No vaccine is generally available that stimulates active immunity against staphylococcal infections in humans. A vaccine based on fibronectin binding protein induces protective immunity against mastitis in cattle and might also be used as a vaccine in humans. However, vaccine therapies represent a new and innovative approach in broadening the available clinical tools against the global health problem of community and healthcare-associated S. aureus bacterial infections.

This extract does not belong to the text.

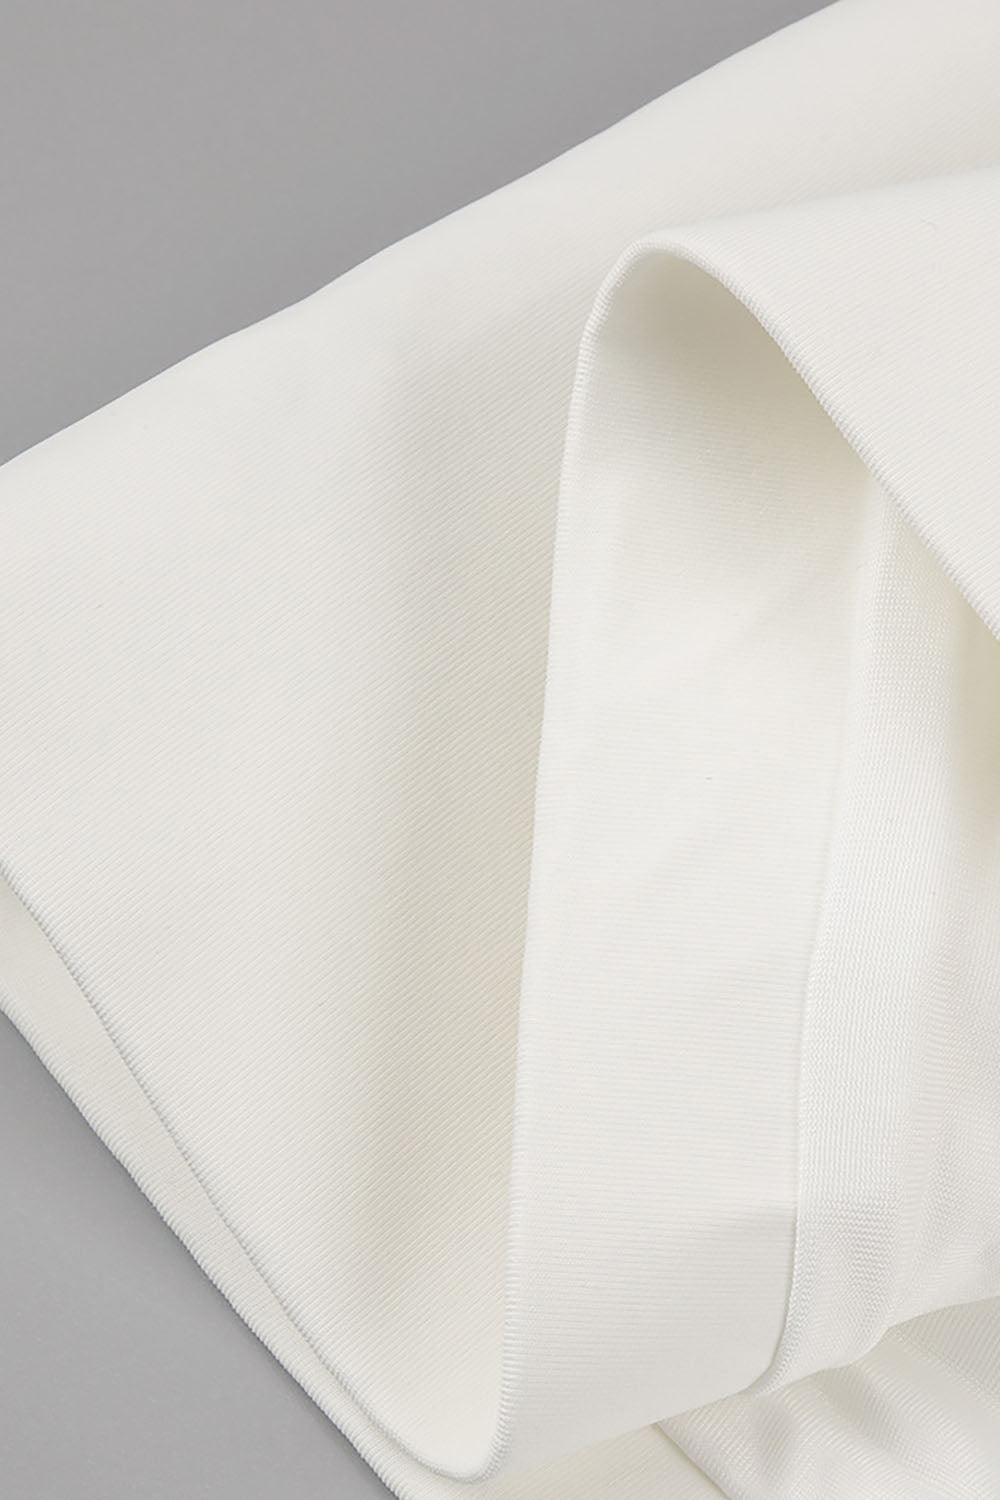 Square Collar Crystal Rhinestone-Trim White Dress

Hyperimmune serum or monoclonal antibodies directed towards surface components (e.g., capsular polysaccharide or surface protein adhesions) could theoretically prevent bacterial adherence and promote phagocytosis by opsonization of bacterial cells. Also, human hyperimmune serum could be given to hospital patients before surgery as a form of passive immunization.

When the precise molecular basis of the interactions between staphylococcal adhesins and host tissue receptors is known, it might be possible to design compounds that block the interactions and thus prevent bacterial colonization. These could be administered systemically or topically.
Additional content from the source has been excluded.